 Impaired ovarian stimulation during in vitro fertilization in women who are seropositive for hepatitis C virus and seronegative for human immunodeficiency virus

---

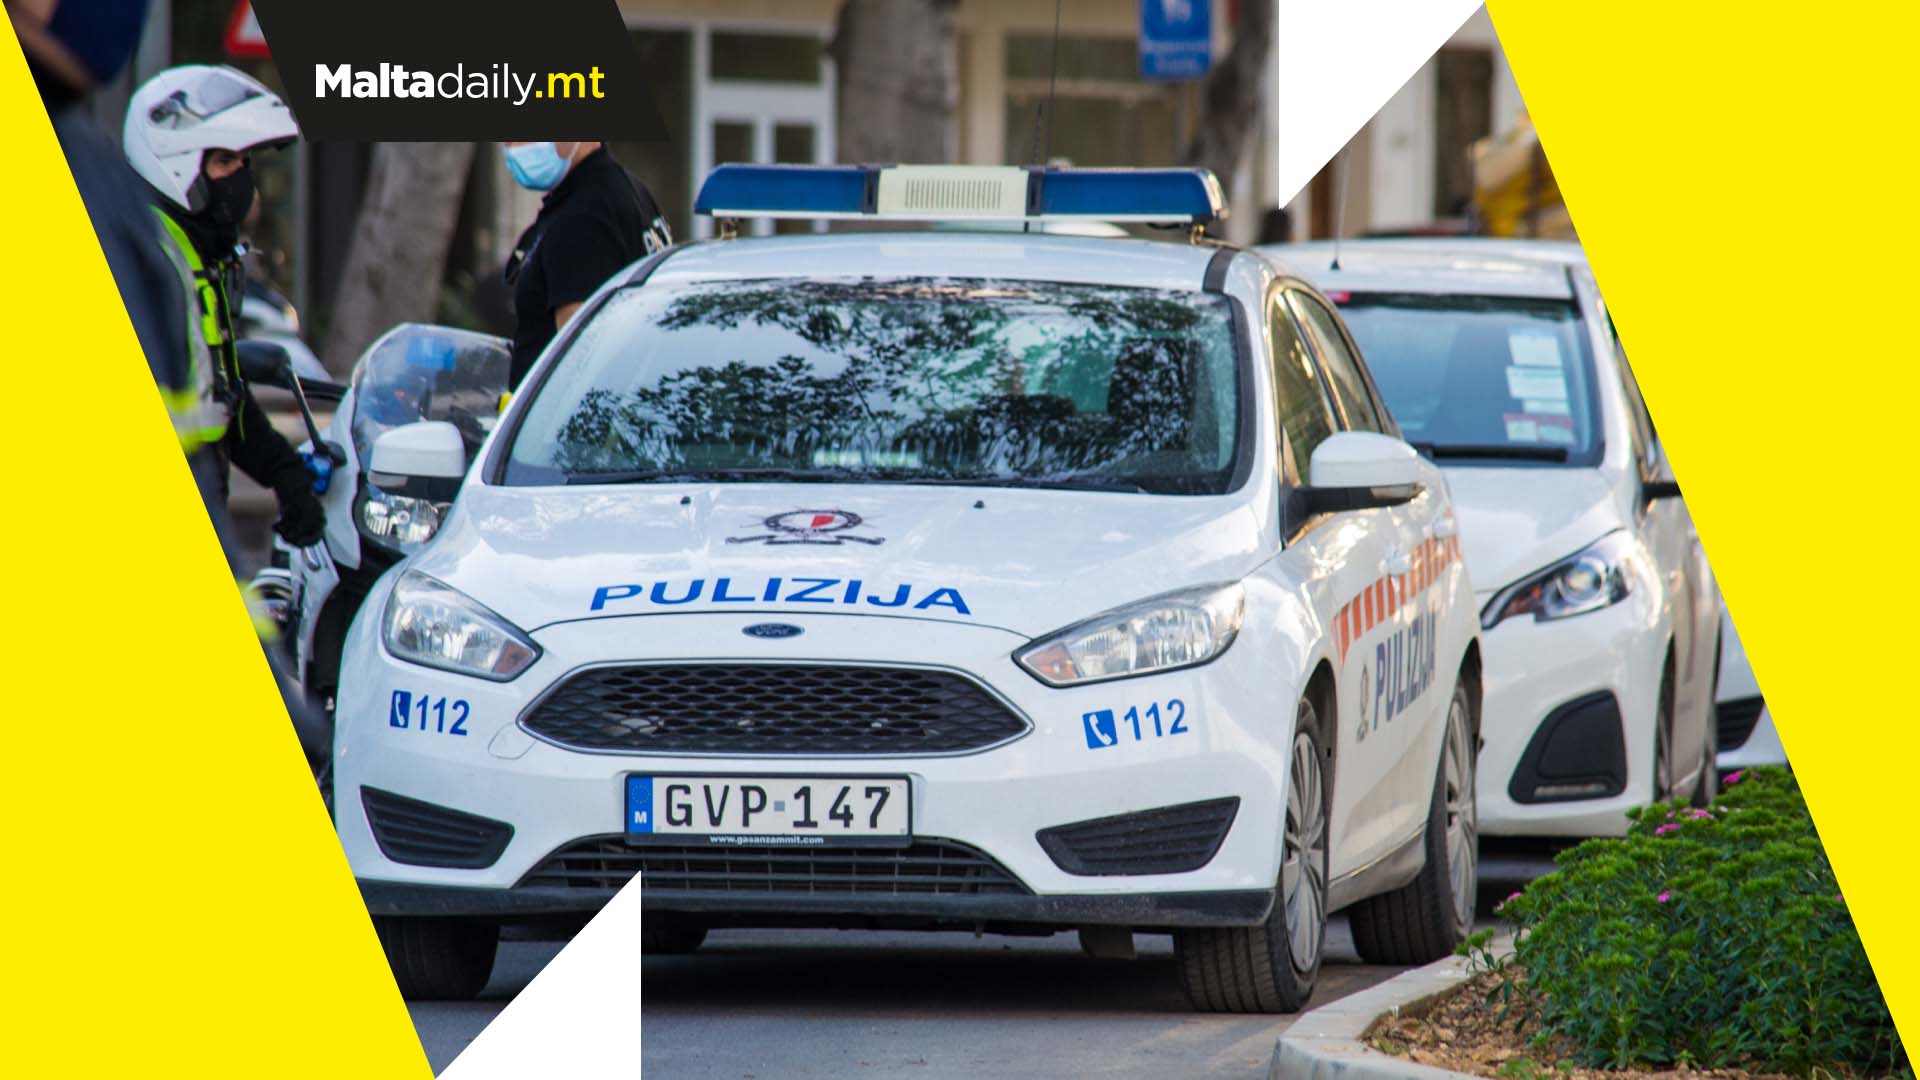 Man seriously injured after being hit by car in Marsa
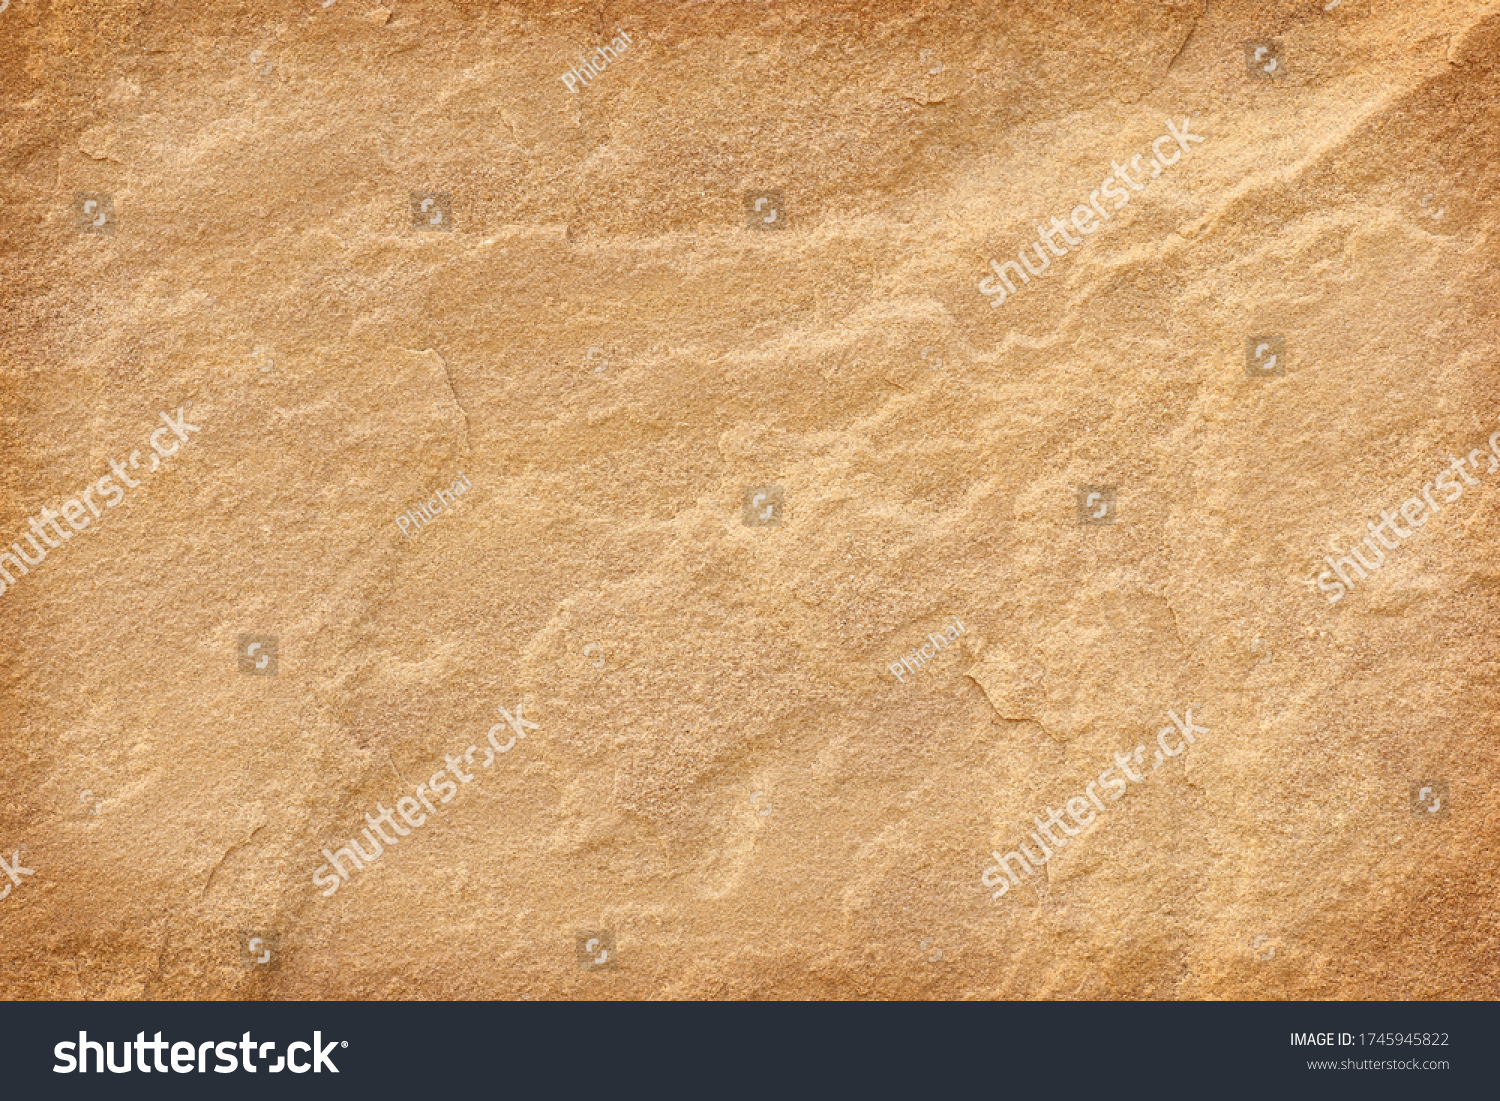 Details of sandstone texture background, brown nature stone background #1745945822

TASK OBJECTIVE:
Within the material above, only the stretch from the line holding "Man seriously injured" through the line holding "Details of sandstone" is to be restated exactly. Pictures are dropped.

FINAL ANSWER:
 Man seriously injured after being hit by car in Marsa
 Details of sandstone texture background, brown nature stone background #1745945822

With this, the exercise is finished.